Children of Incarcerated Face Devastating Consequences




By Jim Trotter

Pam’s daughter was 8, her son 4, when she was sentenced to six years in prison in Colorado on a drug possession charge. Pam’s parental rights were terminated. Her kids were placed on a permanency plan, meaning they were tracked for adoption by other parents. All communication between Pam and her children ceased.

“We couldn’t see each other, couldn’t talk to each other,” she said. “I was allowed to write them one letter a year.”

The incarceration of a parent often results in devastating consequences for children left behind. Their lives become harder. Poverty deepens. School problems multiply. Disruption and instability are the new norm for kids already grieving a lost parent.

“Putting a parent in prison is like a nuclear bomb to a child,” said Christie Donner, executive director of the Colorado Criminal Justice Reform Coalition (CCJRC).

There are many such children—in the nation and in Colorado.

A new report by the Annie E. Casey Foundation, which funds the Colorado Children’s Campaign and the annual KIDS COUNT survey, states that 5.1 million children nationally have or have had an incarcerated parent, with 60,000 such kids in Colorado, about 5 percent of all children.

The foundation describes those numbers as conservative. Donner agrees.

“Today, at least 20,000 [Colorado] children have a parent in a state prison,” she said in an interview at her office in the Denver Inner City Parish Community Center on Mariposa Street. “A significantly higher number of children have a parent in and out of county jail.”

The issue is so prevalent that even Sesame Street has a tool kit to guide caregivers in helping young children of the incarcerated.

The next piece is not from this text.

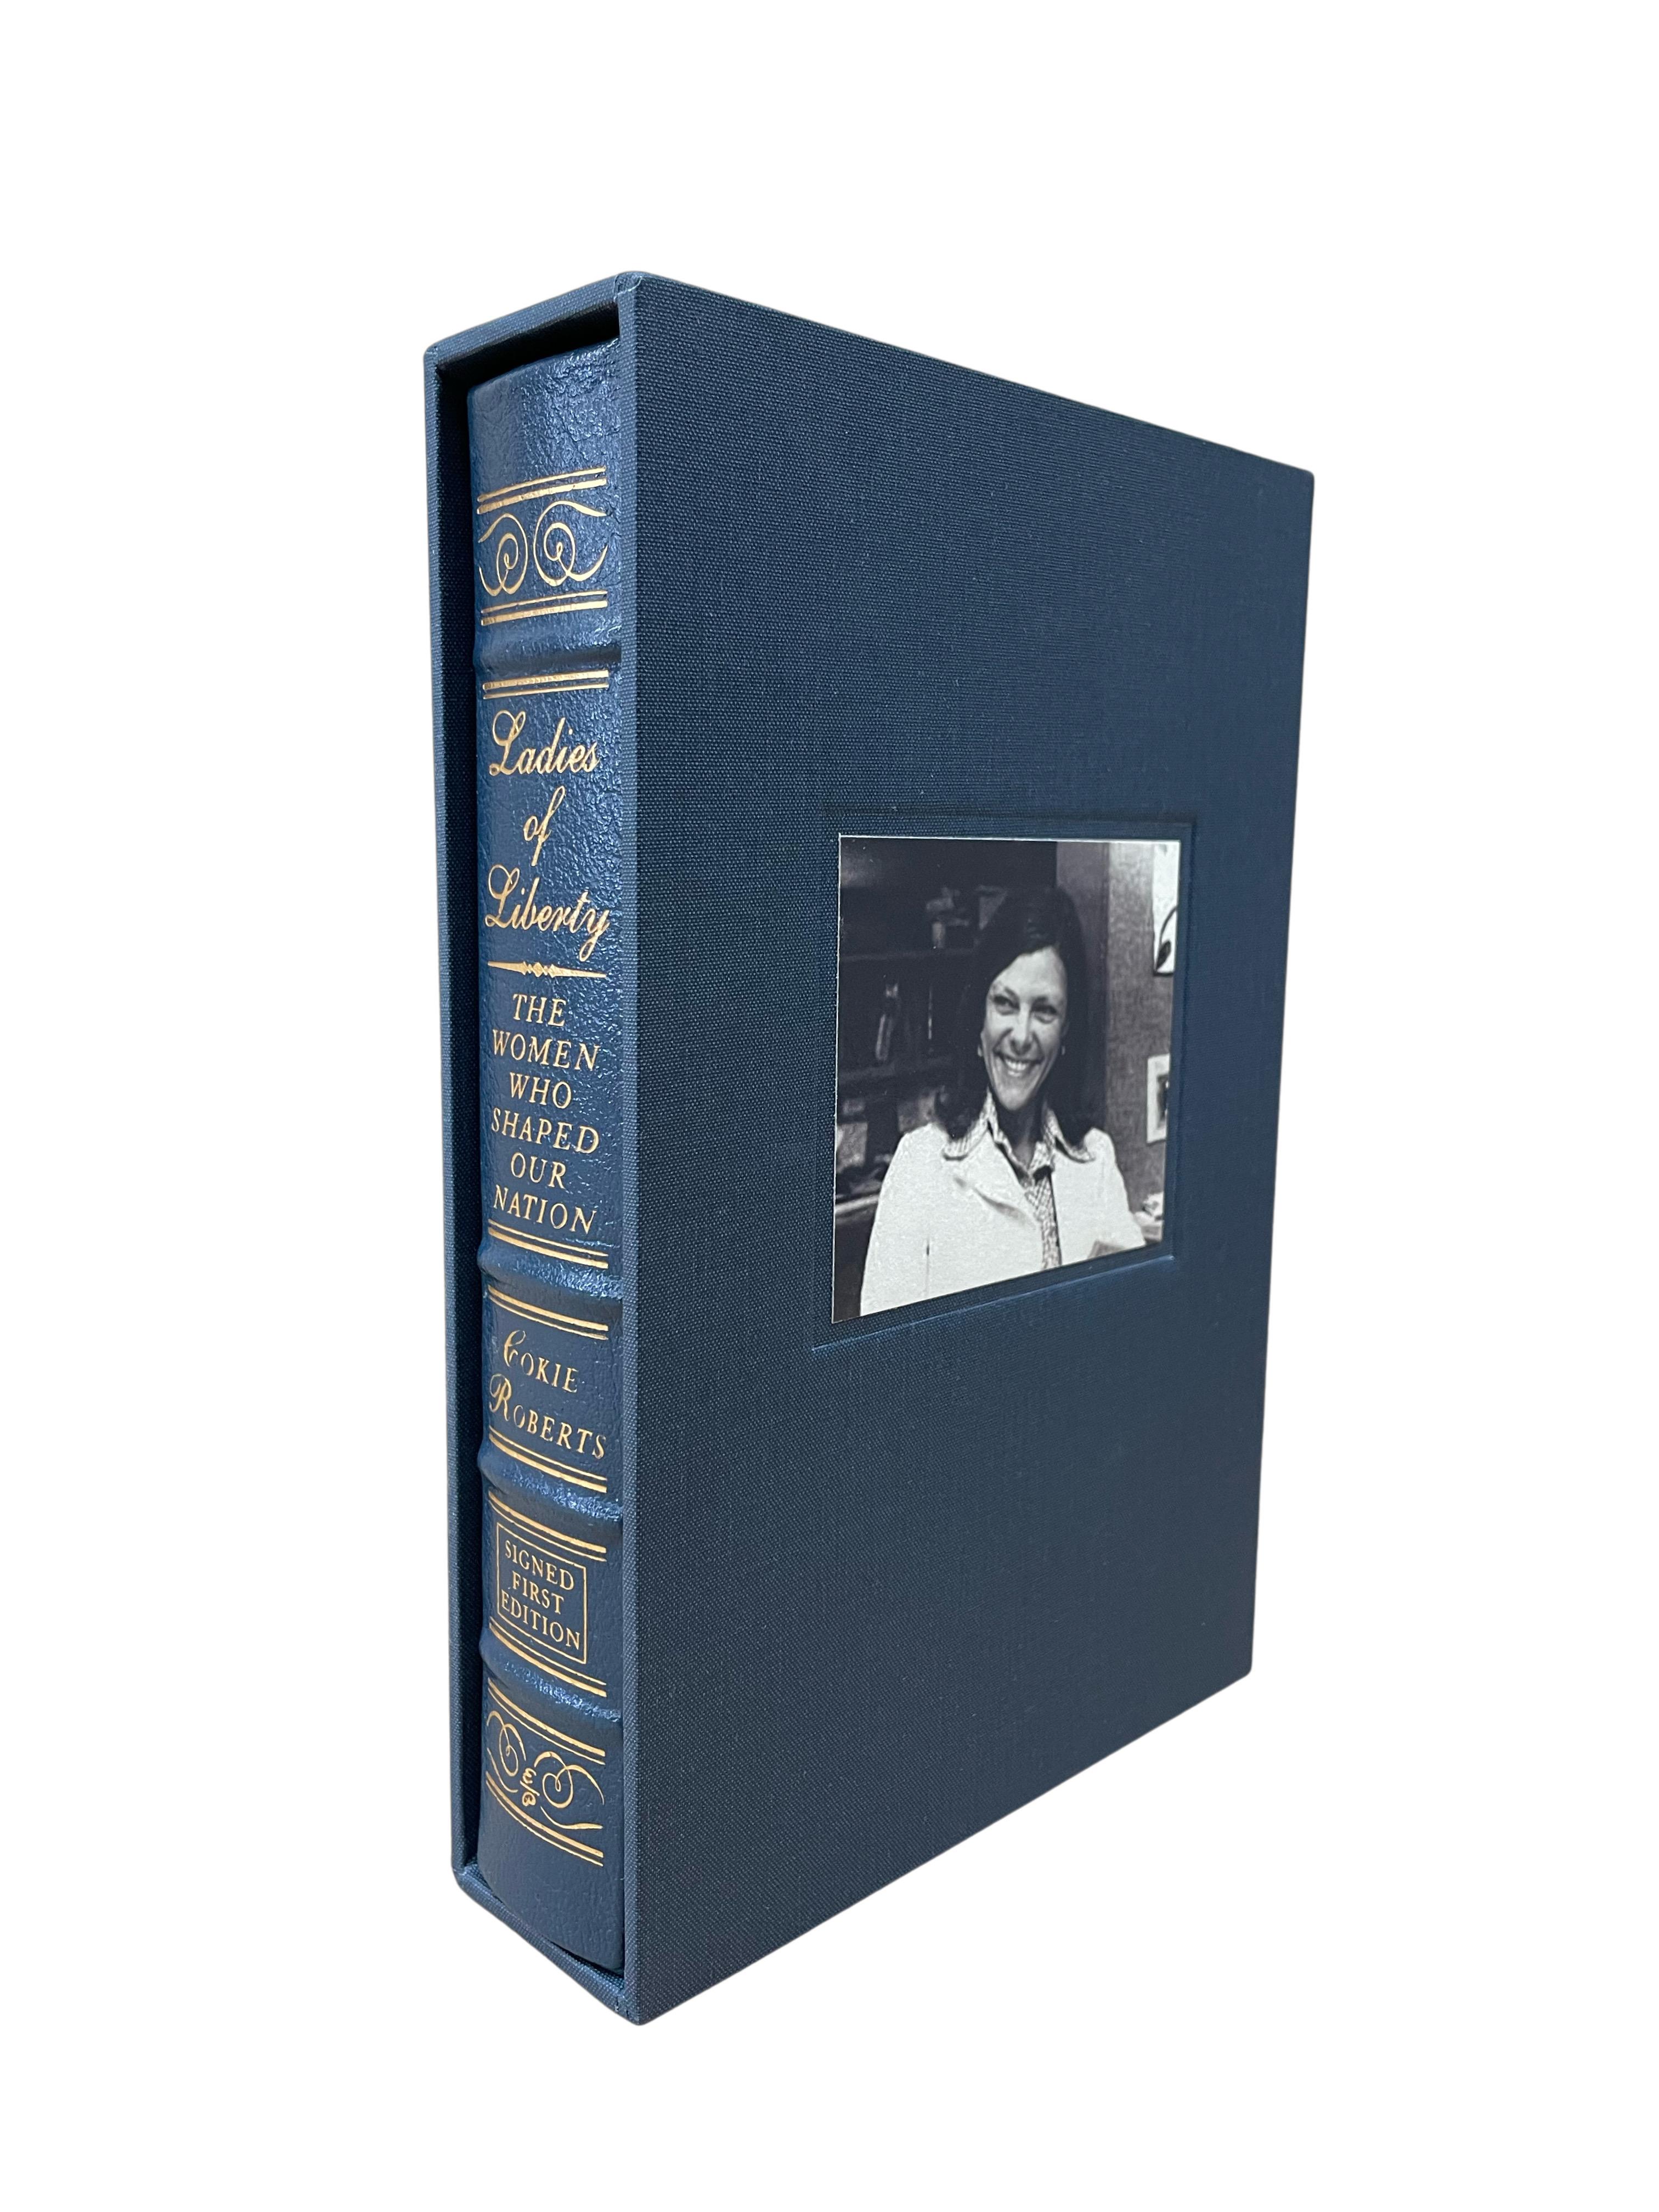 Roberts, Cokie. Ladies of Liberty: The Women Who Shaped Our Nation. Norwalk: The Easton Press, 2008. Signed, Limited Edition of 1050. Octavo. In the publisher's original full blue leather boards, lettered and decorated in gilt. New archival

“It’s gut wrenching,” said Pam, who asked that only her first name be used. She served her entire six years in prison, followed by three years of mandatory parole. “You don’t know what’s going on with your children, whether they’re dead or alive, whether they are safe and happy or being hurt. There’s a lot of turmoil when you have no power to do anything about it. There’s nothing worse than not knowing.”

Having a parent incarcerated is “a stressful, traumatic experience of the same magnitude as abuse, domestic violence and divorce, with a potentially lasting negative impact on a child’s well-being,” said the Casey report.

Just as people of color are extensively overrepresented in the criminal justice system, both nationally and in the state, the burden of incarceration falls heavily on children of color. The Sentencing Project, a Washington D.C.-based criminal justice reform advocacy organization, states that black children are 7.5 times more likely and Latino children are 2.6 times more likely than are white children to have a parent in prison.

Put another way, one in 15 black children, one in 42 Latino children and one in 111 white children had a parent in prison in 2007, according to The Sentencing Project. In Colorado, according to a 2013 analysis by Rocky Mountain PBS News, one in 20 black men were incarcerated, one in 50 Latino men were incarcerated and one in 150 white men were incarcerated.

The Casey Foundation report recommends a collaborative approach to ease the suffering of children of the incarcerated, including supporting children during their parents' incarceration and afterward, helping parents find employment after their release and strengthening communities that are disproportionately affected by incarceration.

As is, the approach in most states, including Colorado, is scattered among community-based organizations. Bridge House in Boulder deals with issues common to ex-offenders—homelessness, unemployment, substance addictions, mental health issues—without exclusively serving those leaving prison. The Mental Health Center of Denver offers a wide range of services to children, parents and other primary caregivers.

Other organizations, including Second Chance Center in Aurora, help ex-offenders as part of their mission. Inside/Out Ministry, also in Aurora, is a faith-based initiative that aims to help ex-offenders through transitional housing and supportive aftercare programs.

Programs for children of the incarcerated are very much “hit and miss,” said CCJRC’s Donner. “Just allowing children to visit their parents can be incredibly difficult. You might have a small church running a bus to the women’s prison in Pueblo, for example.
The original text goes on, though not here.